In 2005, Access Economics investigated the economic value of informal care and estimated that in 2005 informal carers provided 1.2 billion hours of care. If this informal care was no longer available, the replacement value to all levels of government would be at least $30.5 billion annually. Providing informal care comes at a cost to carers in terms of their wellbeing, quality of life, financial security and opportunity to be in paid work. We all know of tales of carers who have often had to leave work or reduce their hours of workforce participation because of caring responsibilities that often come in very unexpected ways. The majority of carers who are of workforce age report great difficulties in balancing their caring responsibilities with workforce participation.

The national association Carers Australia, who advocate on behalf of carers, have argued for more flexible workplace options, more affordable quality alternative care arrangements and improved transition to work programs for carers. One-third of primary carers have household incomes which place them in the poorest one-fifth of households in Australia and, for 55 per cent of primary carers, their main source of income is a government pension. There are strong economic arguments for enabling Australians caring for the elderly and people with a disability to increase their levels of participation at work by a more effective subsidisation of their care costs. A recent report by the Taskforce on Care Costs has argued for extending the current childcare tax rebate to elder and disability care and increasing the rebate to a 50 per cent cost reimbursement—and I think that makes for good economic sense.

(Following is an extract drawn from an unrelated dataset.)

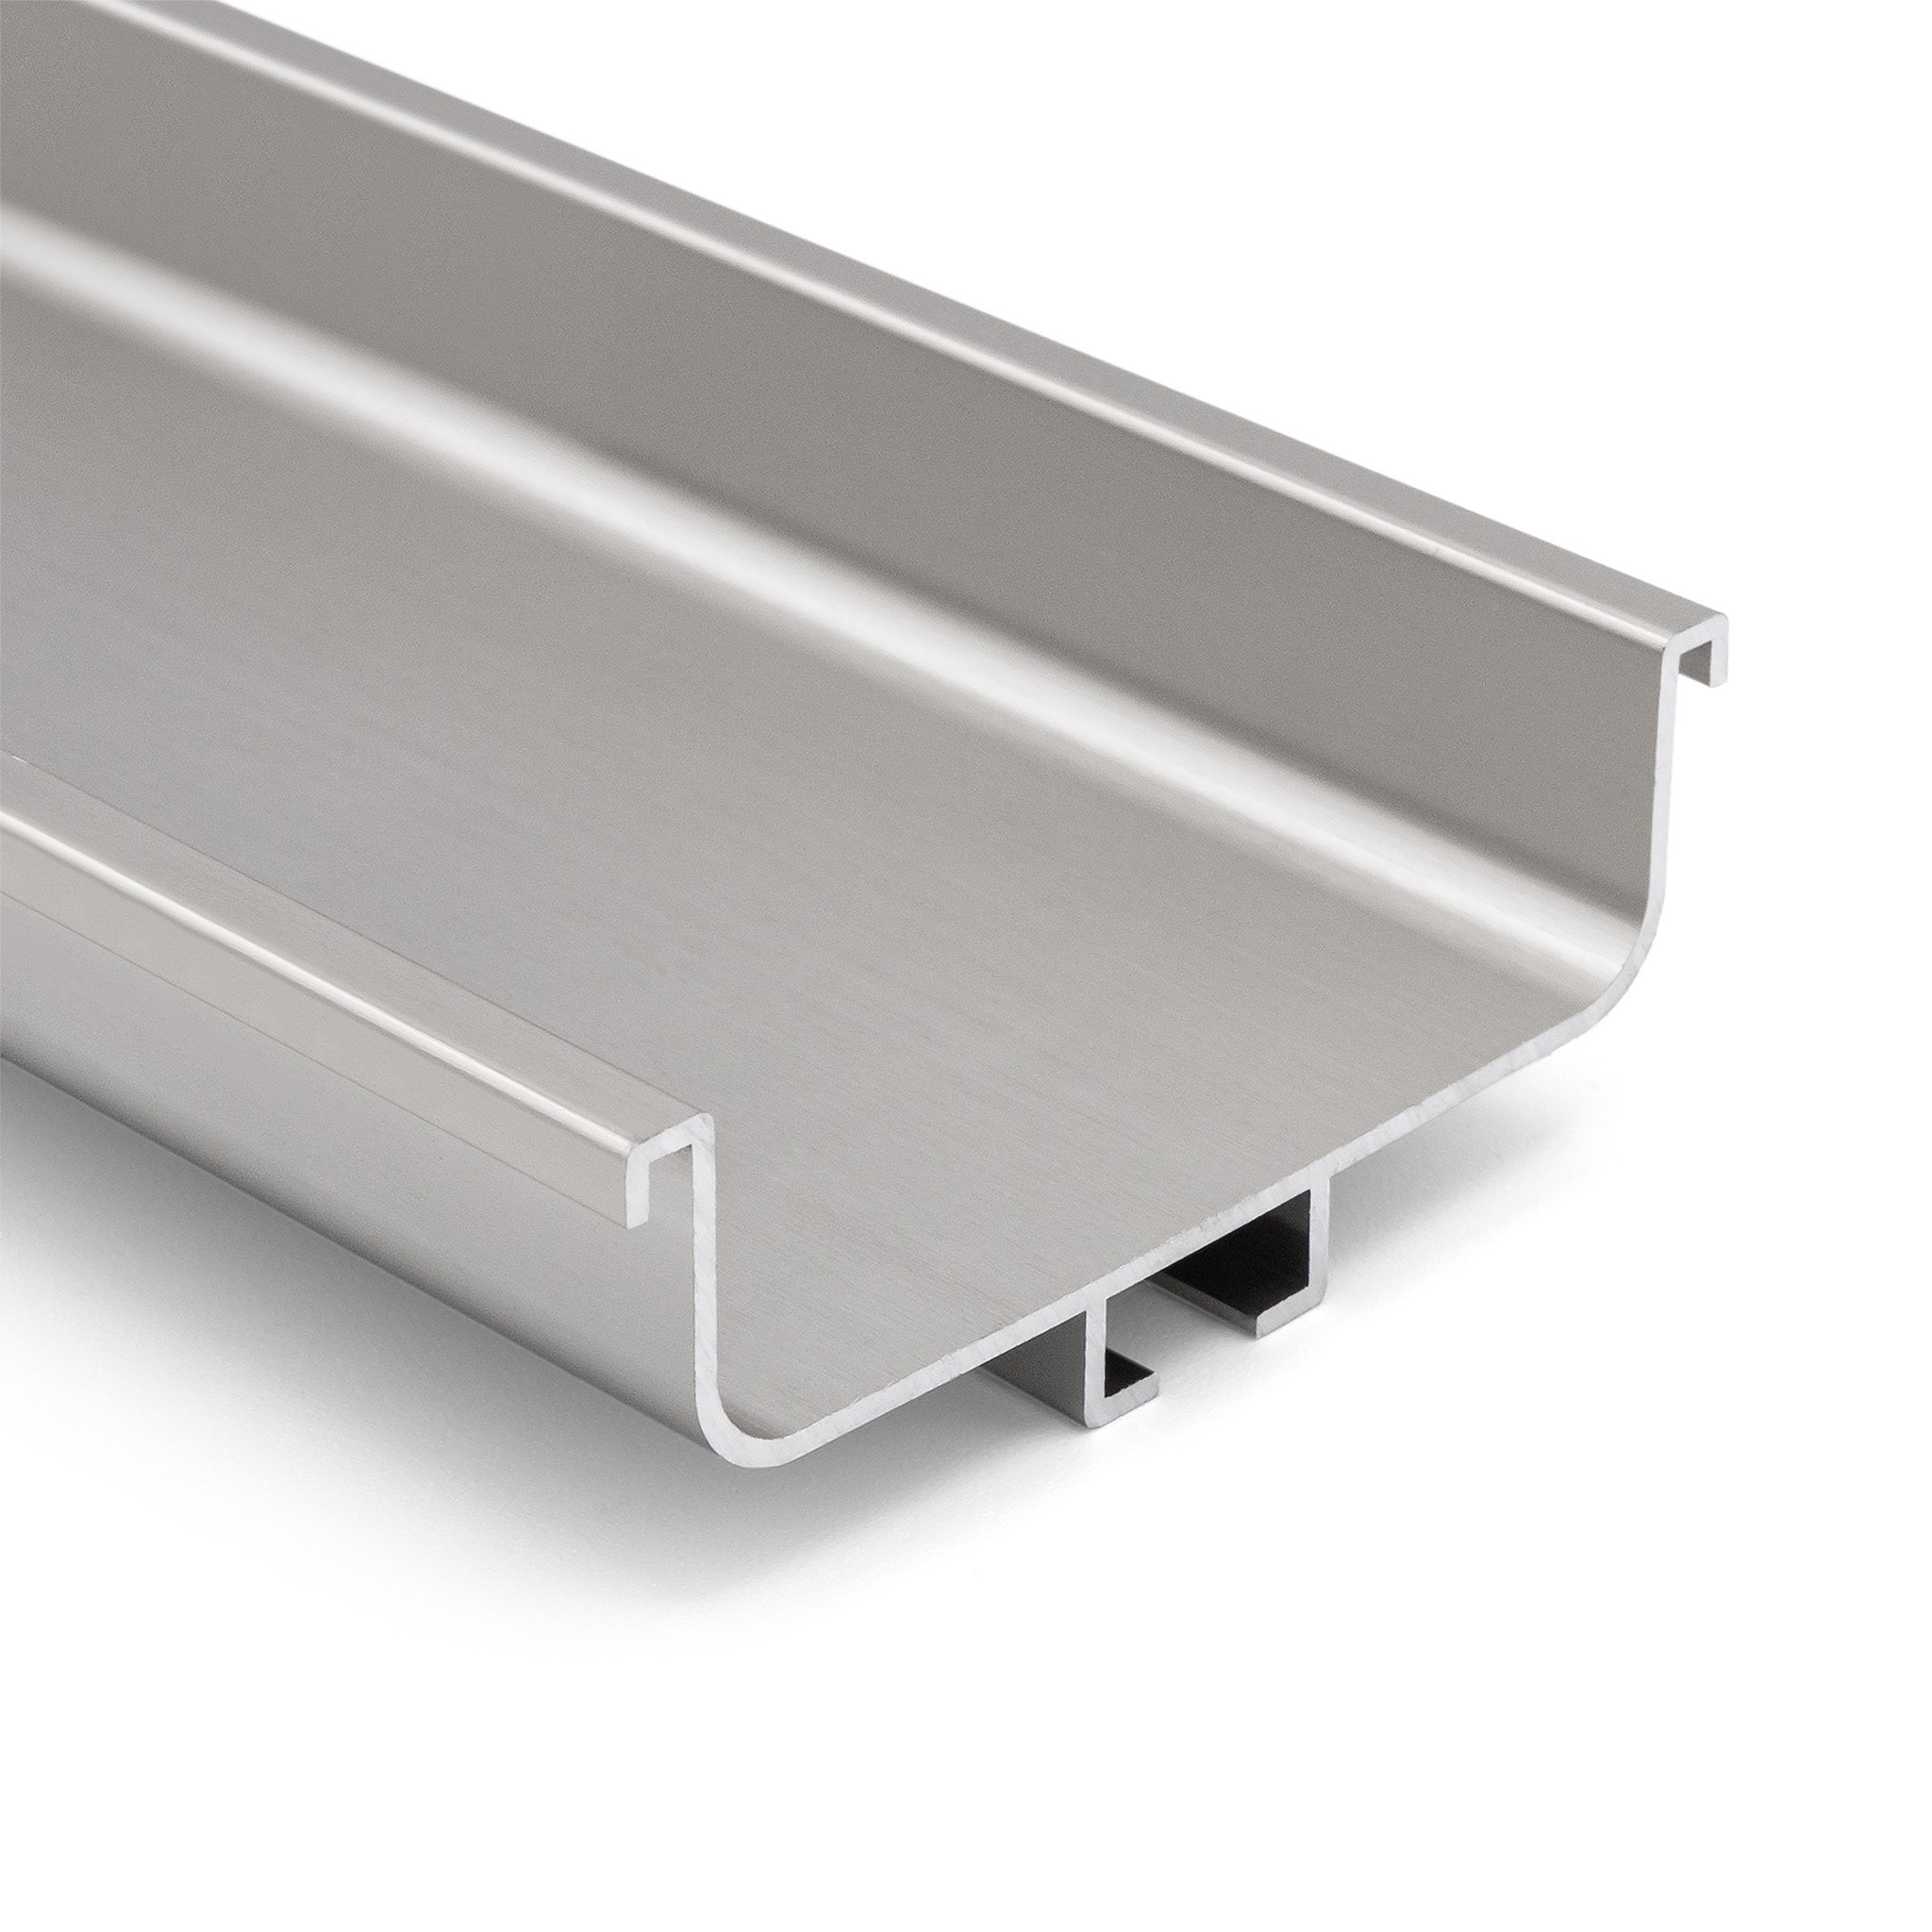 Laguna Gola Profile C-Shape, for Between Drawers, 3m, Stainless

The contribution carers make is not only to the people they love and care for but also to the community and the economy more broadly.

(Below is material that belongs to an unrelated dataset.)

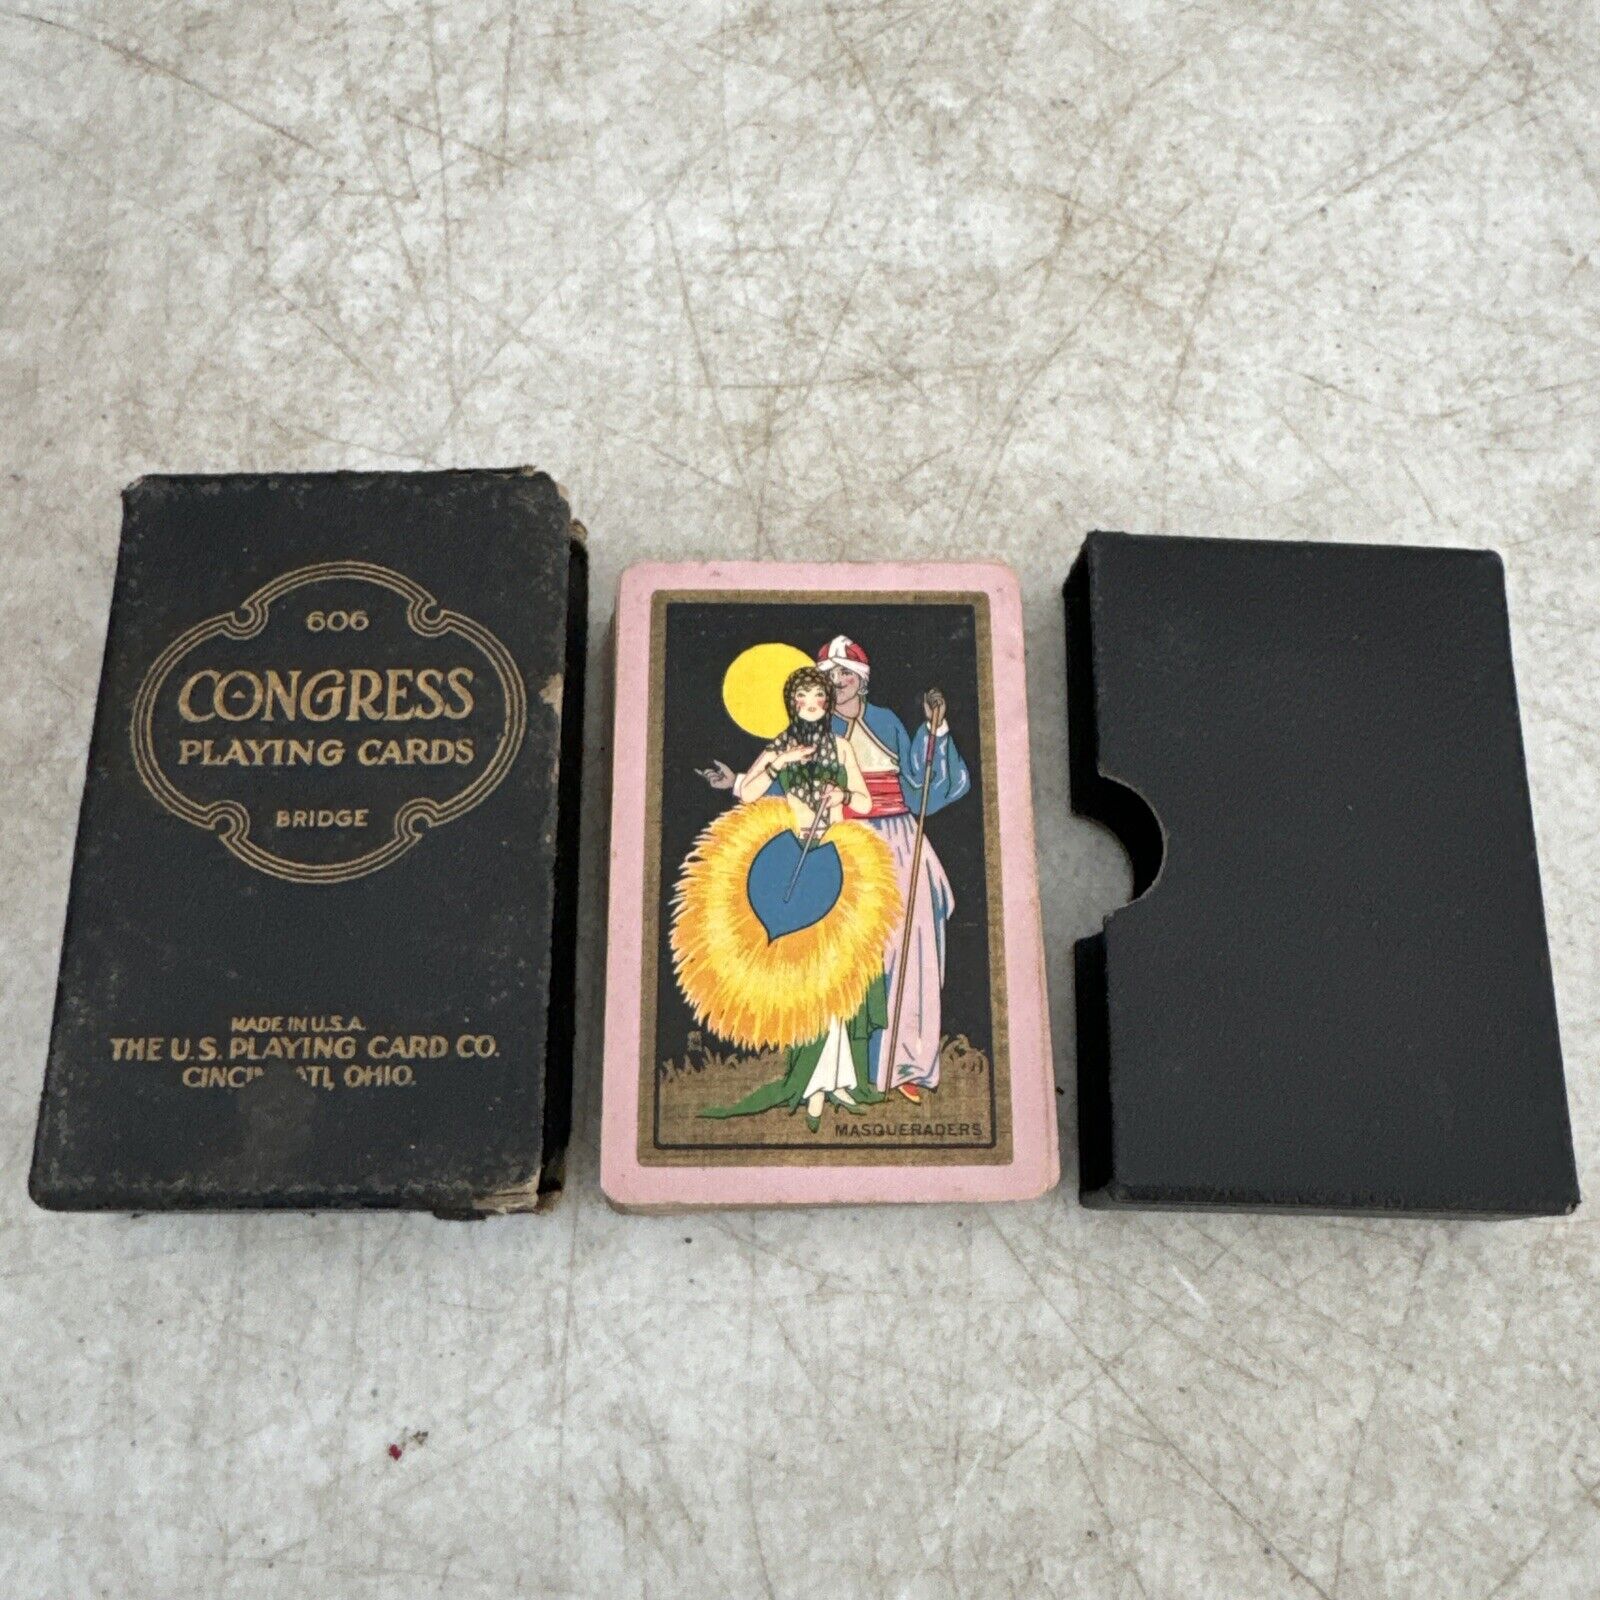 ANTIQUE CONGRESS PLAYING CARDS NO. 606 Masqueraders

For caring to be sustainable, carers must have ready and affordable access to quality support services. Services such as these are often not there and not readily available. By that I mean flexible respite care, counselling and in-home services delivered on a regular basis, together with an expansion of residential care, particularly to care for the frail aged and those with dementia. We need to better appreciate the pressure carers are under, adapt workplace practices to make them more carer friendly, provide greater institutional support and consider how our tax and welfare payments system can be better targeted to assist all carers.